Slide View : Parallel Computer Architecture and Programming : 15-418/618 Spring 2017

rc0303

Is the time spent communicating invalidation/ack messages linear with respect to the number of sharers? If so, it might be informative to adjust the histogram with respect to time spent on writes instead of number of writes. In particular, Barnes-Hut would have a much slower drop-off on such a graph.

holard

Is it fair to say that this relationship generally follows a power law?

pdp

@holard: Since the distribution is dependent on the problem we are trying to solve, there is no one single distribution. Statistically, for most commonly studied problems, broadcasting doesn't seem to be necessary as the distributions "appears/looks" like a power law. Please correct me if I am wrong.

chenh1

What this graph means and what each axis represent?

ZoSo

The x-axis represents the number of processors holding a cache line. The y-axis represents the cache lines (cache lines 0 - N). So the topmost graph (ocean) says that 1 processor holds on an average 90 cache lines for writes, and 2 processors will have about 15 lines. So, most of the cache lines are held only by a few processors at a time, so the processors do not have to communicate to very many processors to invalidate and flush their cache lines. (Some one correct me if my interpretation of the axes are wrong).

pk267

(Discussed in class) Q: How will the graph change of there are large number of reads for a particular data line and hardly any writes? And what scheme would be better to deal with such a case - Directory, or Snooping?

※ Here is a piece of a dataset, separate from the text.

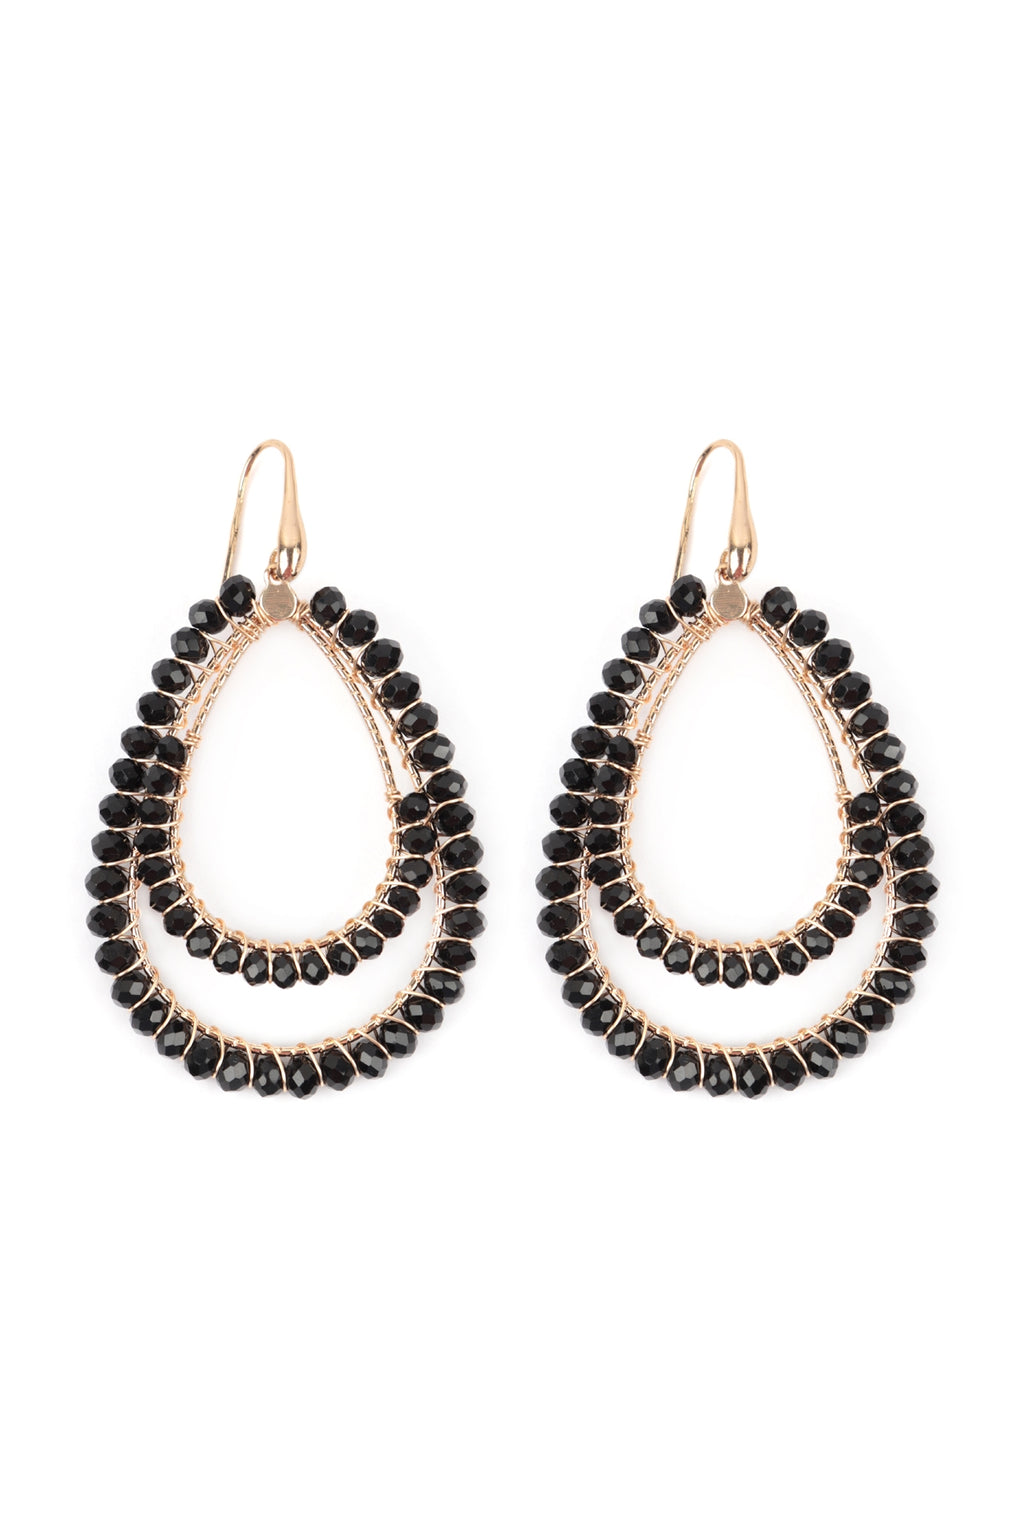 Boho Layered Rondelle Beads Teardrop Hook Earrings Black - Pack of 6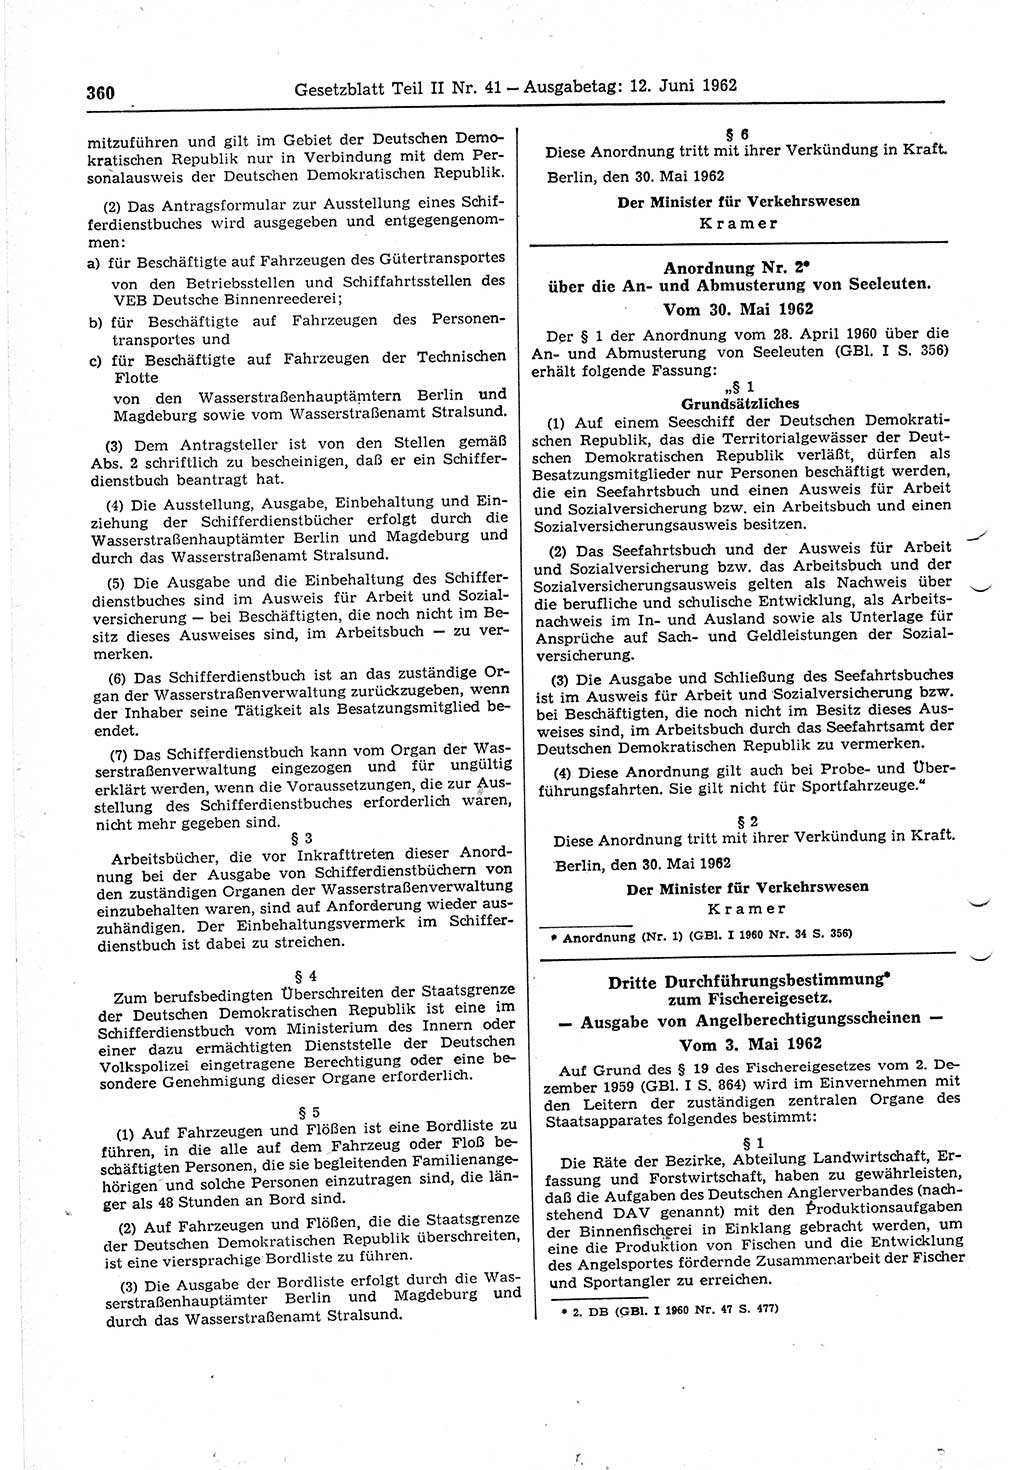 Gesetzblatt (GBl.) der Deutschen Demokratischen Republik (DDR) Teil ⅠⅠ 1962, Seite 360 (GBl. DDR ⅠⅠ 1962, S. 360)

Ans: There will be a long bar towards the right, indicating that large number of processors have it in their cache lines. Snooping protocol would be better because reading a cache line does not need any other message transactions. While Snooping on the other hand would require sending a message to all the other processors in the system every time a new request comes in. Thus, DIrectory is better.

pht

Is there a reason why there is the largest number of cache lines on processor 1 instead of processor 0? And why in LU and Barnes Hut, there's some on processor 0 but the majority is on processor 1?

kayvonf

@pht. The x-axis of the graph is not specific processors, it is the number of processors sharing a line on a write. In other words, the number of processors that need need to invalidate their copy of the line to allow the writer to have exclusive access.

o_o

It seems that directory based cache coherence leads to less communication between processors as processors don't need to notify many other processors to invalidate their cache lines. Does this mean that directory based cache coherence is more efficient?

fxffx

From this diagram, we can see that in most programs, the number of sharers for a line at the time of a write. So maybe we should optimize for common case here.